A Personal Finance Lesson From Facebook’s Bad Day

Your biggest drawdown is always in front of you (which I’m pretty sure I’m stealing from Meb Faber).

20% losses are normal and even expected. Granted, not usually on one day, but certainly over weeks or months when it comes to stocks and even stock portfolios.

A key concept to know here is relative vs. absolute.

It may help to remember it like this: size matters.

Imagine you weigh 100lbs. If you lose 10lbs, that’s your absolute weight loss. Your relative weight loss is 10%.

Now, if we supersize you to 300lbs, the same relative 10% loss becomes an absolute 30lbs loss.

The bigger you get, even if the percentage fluctuations are the same, the bigger the absolute weight loss will be.

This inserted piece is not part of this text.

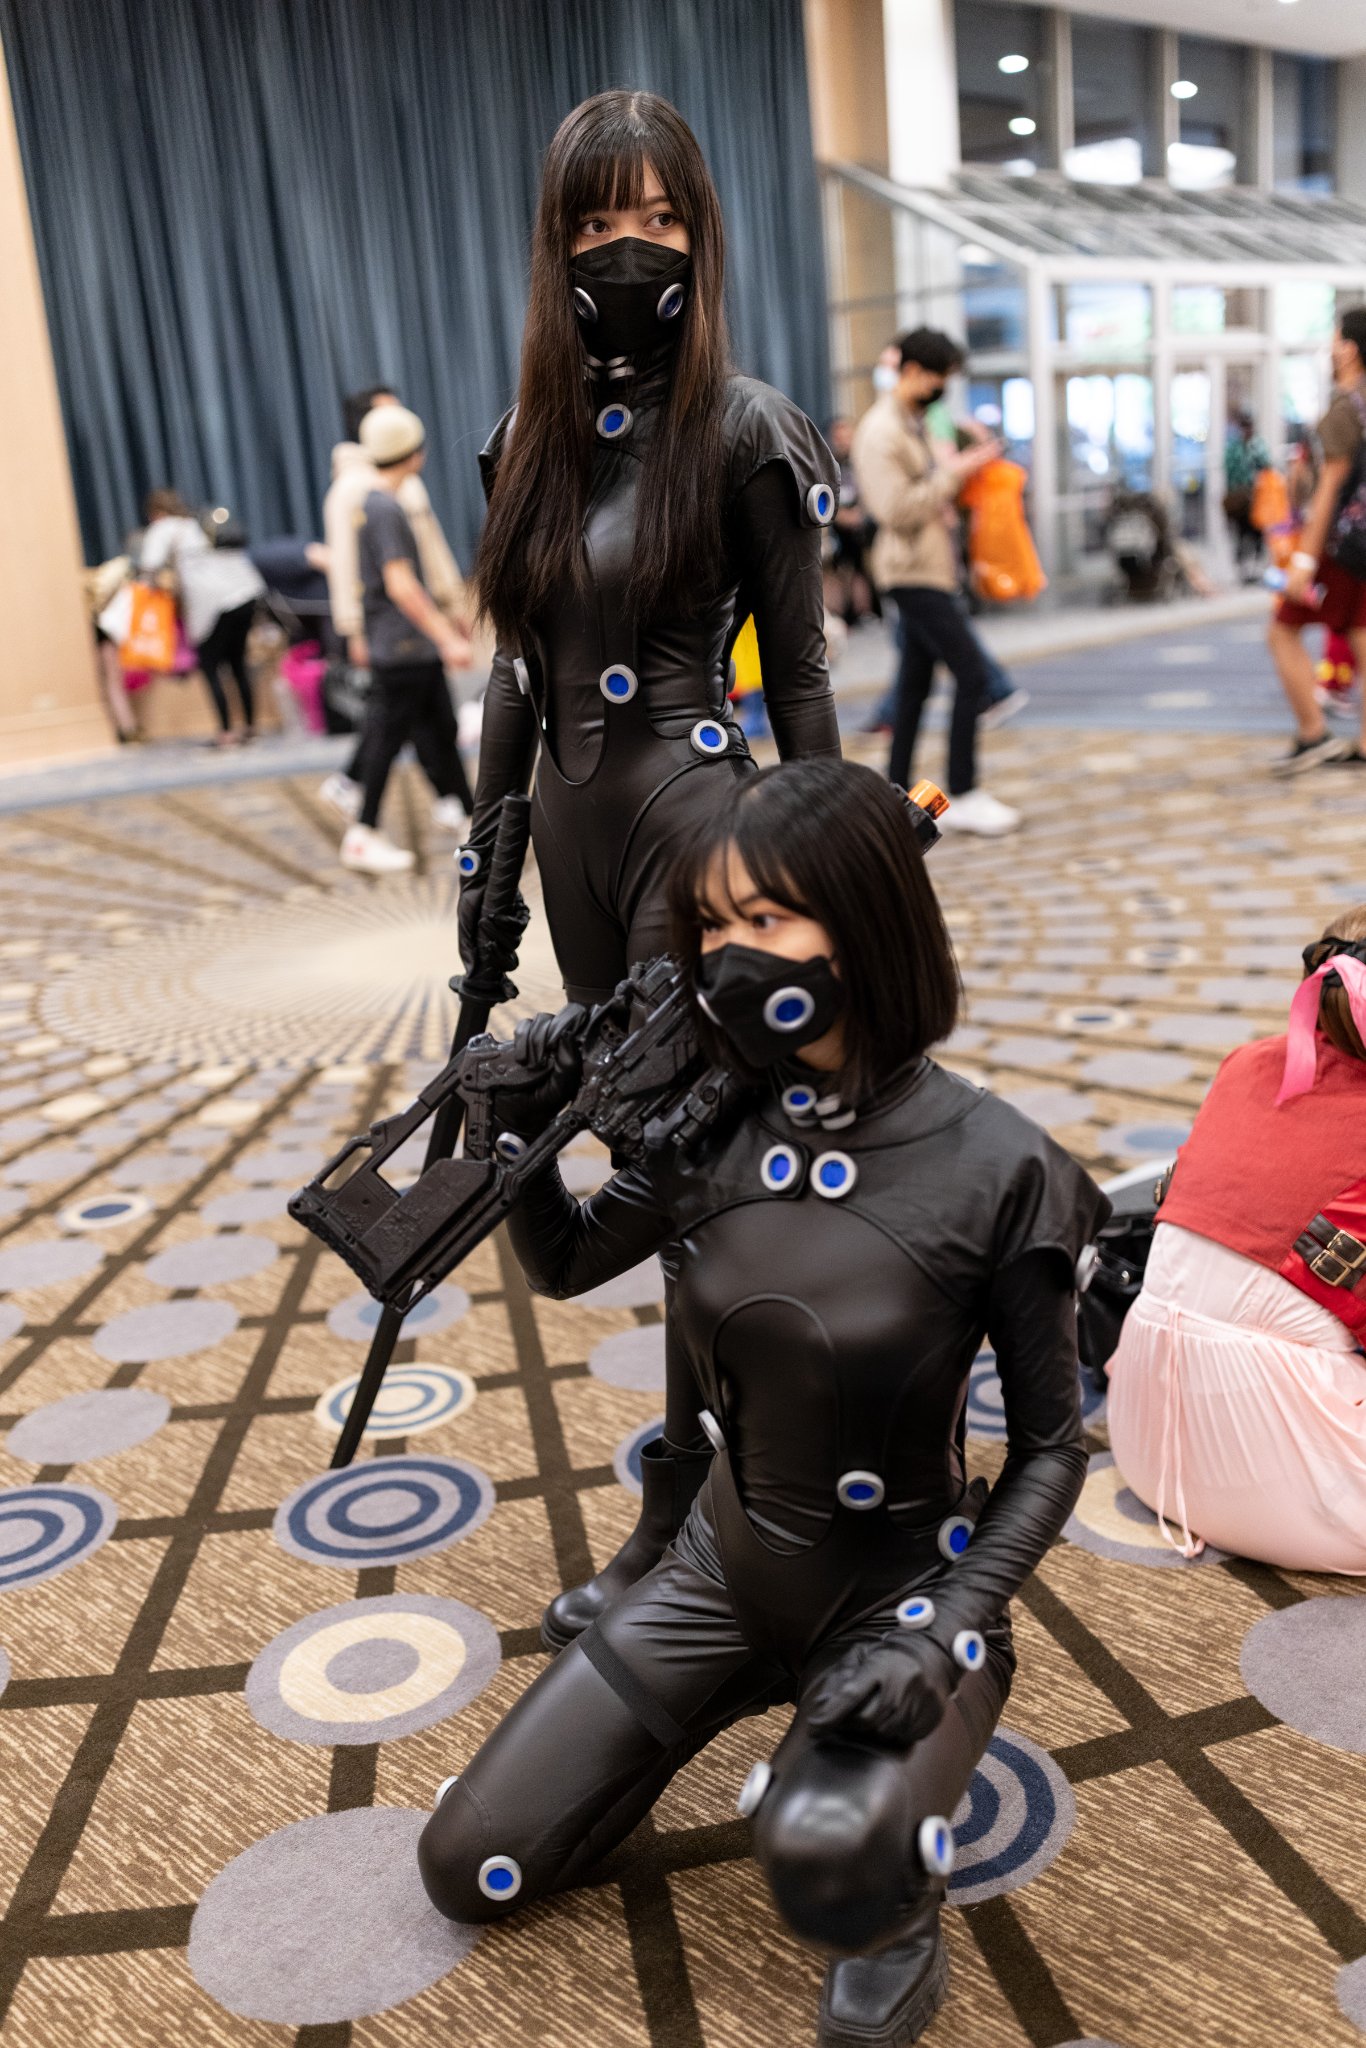 Anime Expo 2022: Model rigs and frilly dresses – Annenberg Media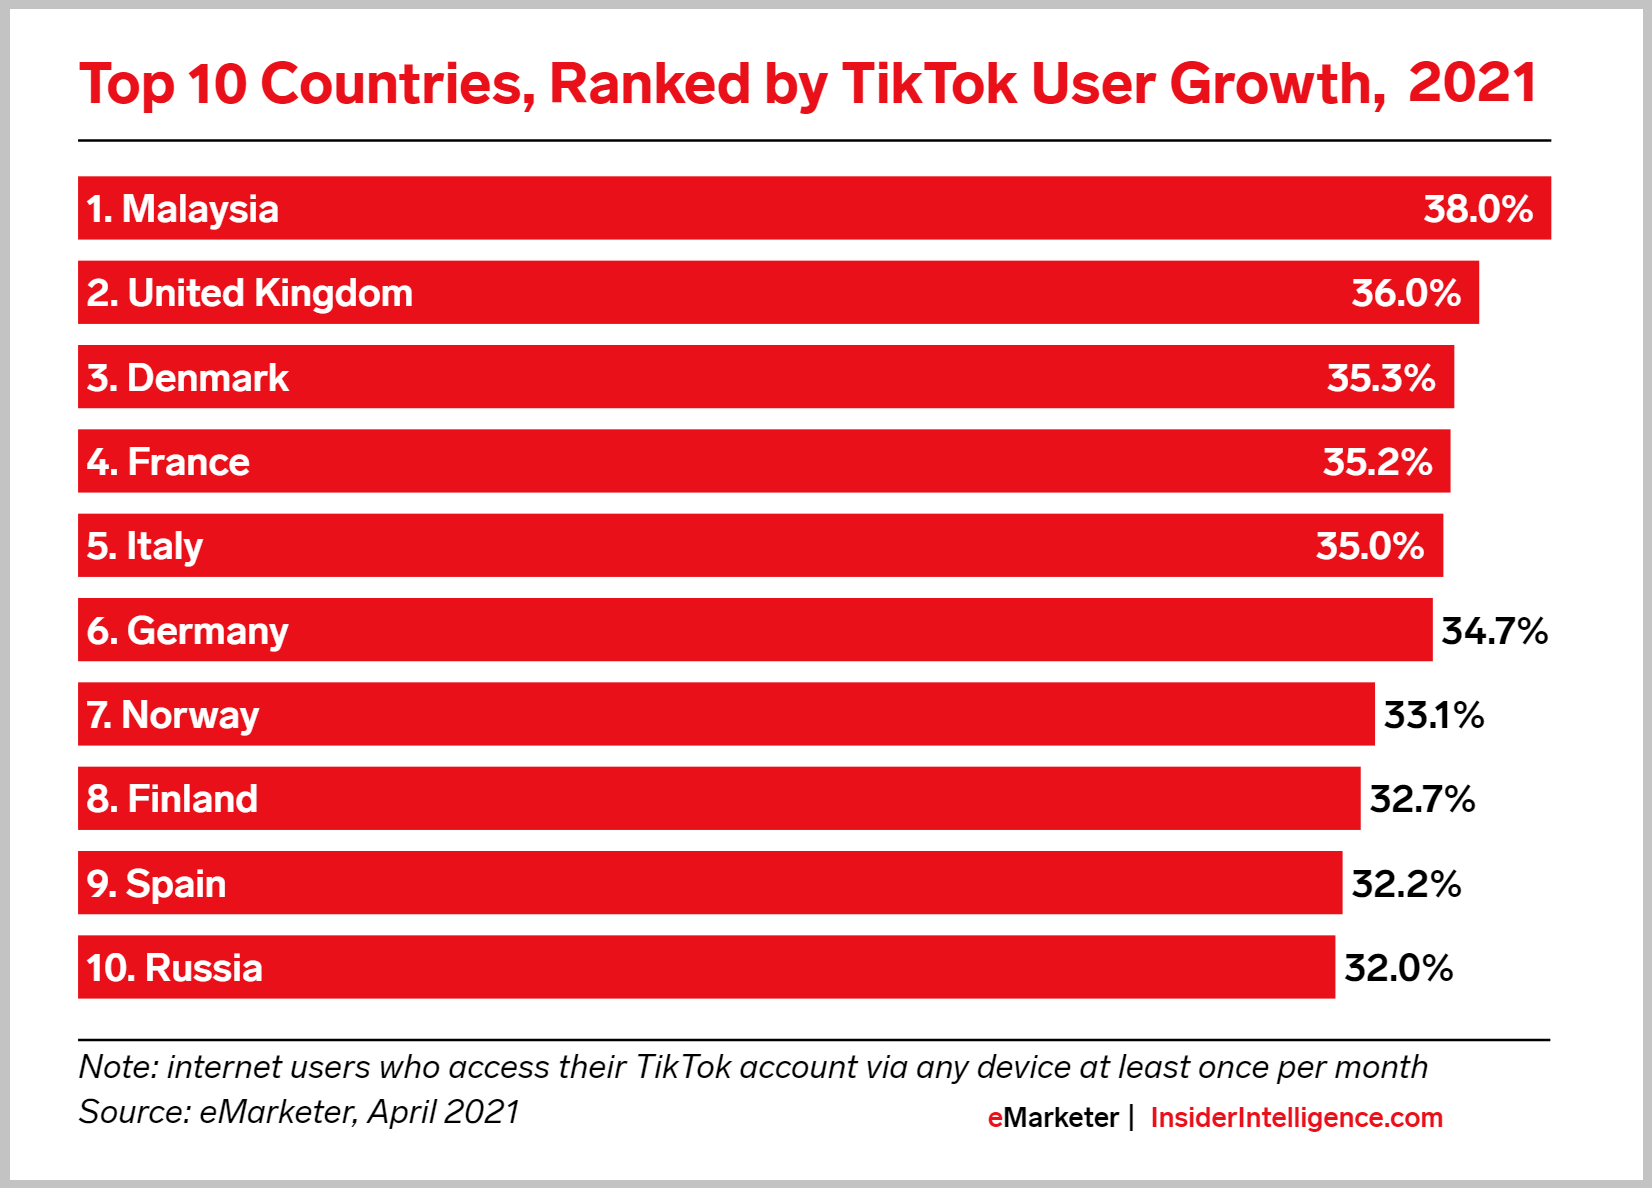 A Research Conducted By eMarketer Highlights The Future Of TikTok With This Top 10 Countries List

The same is true for companies, markets, and our portfolios: the bigger they get on an absolute basis, the bigger the normal relative losses will become.

When Facebook first went public they had a near-record setting valuation of just over $100 billion. Now they’ve lost more than that absolute amount in a single day. 2 day’s in history, 2 very different interpretations of a similar number.

And yes, $100 billion is a big absolute number, but relatively speaking – it’s not that big of a deal.

If the relative numbers keep going up, the biggest absolute drawdown will be in front of you.